10 In October 1935, Sorge met, at the Rhdingold, Miyake Hinako, a geisha with mild socialist inclinations (“Like many other women I used to read left-wing novels”). She didn’t mind Sorge’s relentless promiscuity (“It is only natural, isn’t it, for a famous man to have several mistresses”). After Sorge’s execution, Hanako-san patiently pestered the strict prison authorities to allow her to recover Sorge’s body. The ascetic coffin was retrieved from the part of the Sugamo prison cemetery that was reserved for nameless vagrants. Decomposition was rather advanced, and only a large skeleton remained. The large skull (she kissed his ex-forehead) and the bones were those of a foreigner; and there were clear marks of damage to the bones—the eternal result of Sorge’s war wounds. Hanako recognized the teeth (and imagined a smile) from their gold filling (from which, in 1946, she had a ring made). She had the coffin removed to the quiet Tama graveyard, just outside Tokyo. “The Society for the Relief of Those Sacrificed in the Ozaki Case” raised funds for Sorge’s gravestone, upon which the inscription, in English and Japanese, reads: “Here sleeps the brave stranger who devoted his life to opposing war, and to the struggle for the piece [sic!] of the world.” In the early summer of 1965, Hanako-san was invited to visit the Soviet Union. At the Black Sea (“This sea is not as black as our sea”—a polite chuckle from the escorting throng followed) resort of Yalta, Hanako-san saw a performance of Press Attaché in Tokyo, a play dealing with Sorge’s life in Tokyo, in which she was rendered by a certain Yekaterina Maximovna.

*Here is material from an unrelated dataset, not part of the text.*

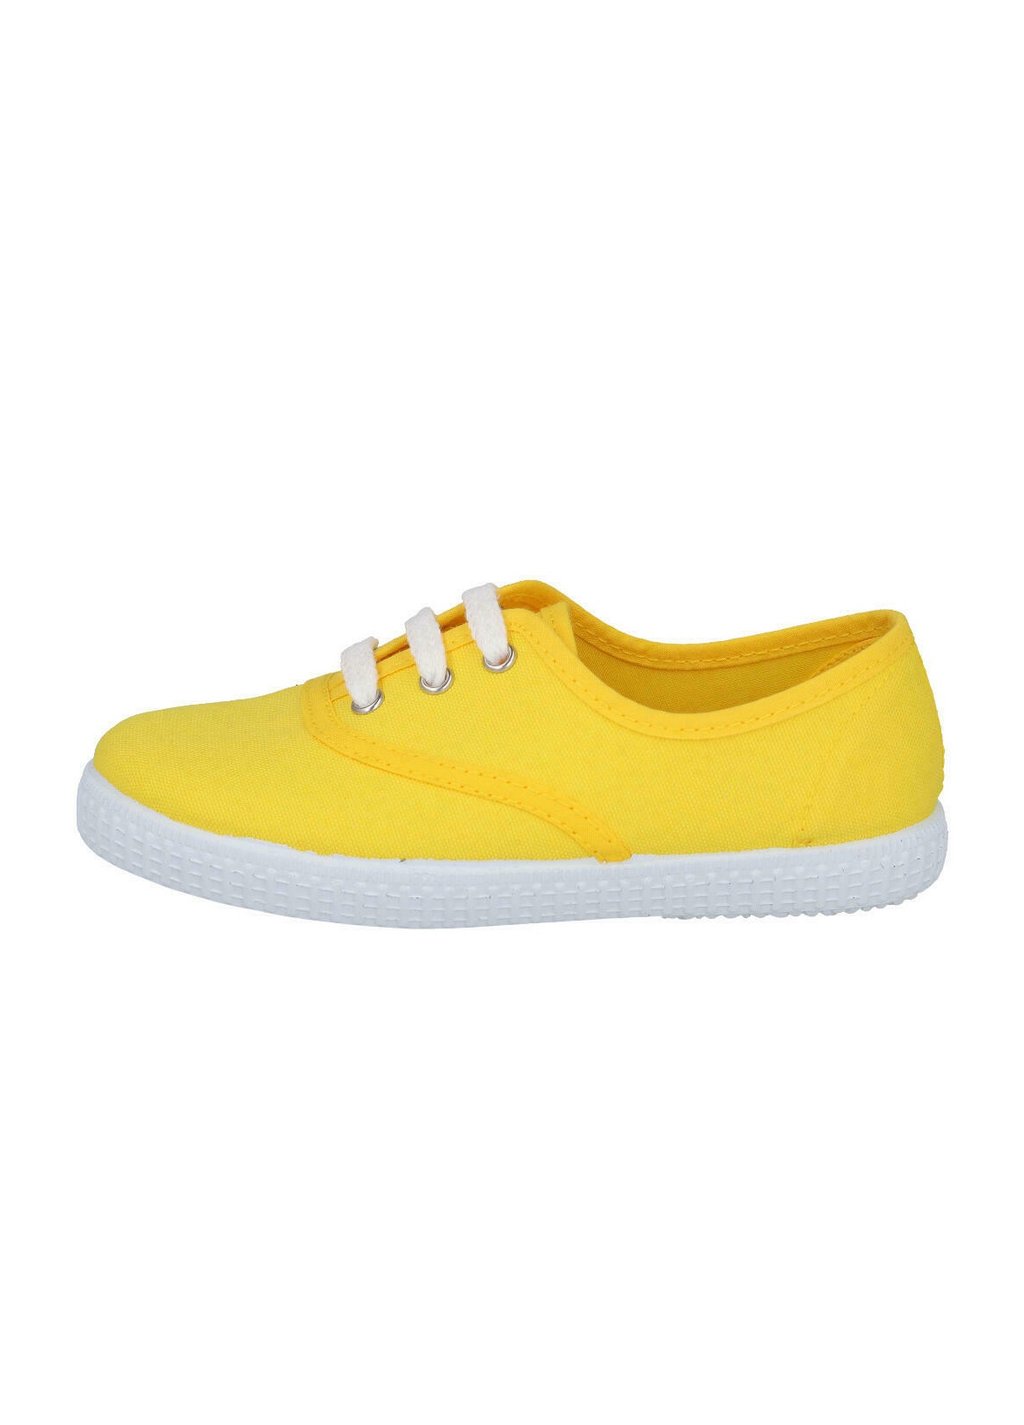 Детская обувь UNISEX Batilas, желтый

11 Sorge worked for the Fourth Bureau of the Red Army Intelligence, which none of the members of his ring (Klausen, Voukelitch, Ozaki, Miyagi) knew—they all referred to “the Moscow center” and were happy to work for peace in the world. Jan Karlovich Berzin (real name: Peter Kyuzis) was the all-seeing head of the Fourth Bureau. He was the son of poor Latvian parents, born in Ogre, 1890. At the age of nineteen he was arrested by the Tsarist police for involvement in an assassination plot (a plan to throw a hand grenade at the chief of the Okhrana in the Bolshoi had failed), was sentenced to death and then pardoned because of his youth. He spent some time in prison but surfaced again in 1917 as a member of the Petrograd Bolshevik Party and charged at the Winter Palace. He was the Deputy Minister of Internal Affairs in Soviet Latvia in the spring of 1919, when the military success of the White armies led him to take over command of the Latvian Rifle Division. His first act of command was shooting the previous commander (name lost) with his Luger, having accused, tried, and sentenced him for “revolutionary feebleness” in front of the petrified Rifle Division, right through his left eye (the unfortunate previous commander’s brain spurting on the numb political commissar, who later committed suicide). The legend of this execution followed Berzin when he was being made head of the Fourth Bureau and reached Sorge the day before he was to meet him. Berzin and Sorge quickly became friends (Sorge: “I respected his blood-red facial scars and his bright gray hair”). They used nicknames when addressing each other: Berzin was Starik, Sorge was Ika. In 1935, Berzin was arrested and strangled with piano wire (a rather creative execution) as a German spy. It seems that Sorge never found out about Berzin’s political death. He never mentioned him, however, after his last visit to Moscow in 1935. Sorge never admitted working for the Red Army, and the Soviet Union maintained, after his arrest, that he had worked for the Comintern, which was supposedly beyond the jurisdiction of the Soviet authorities.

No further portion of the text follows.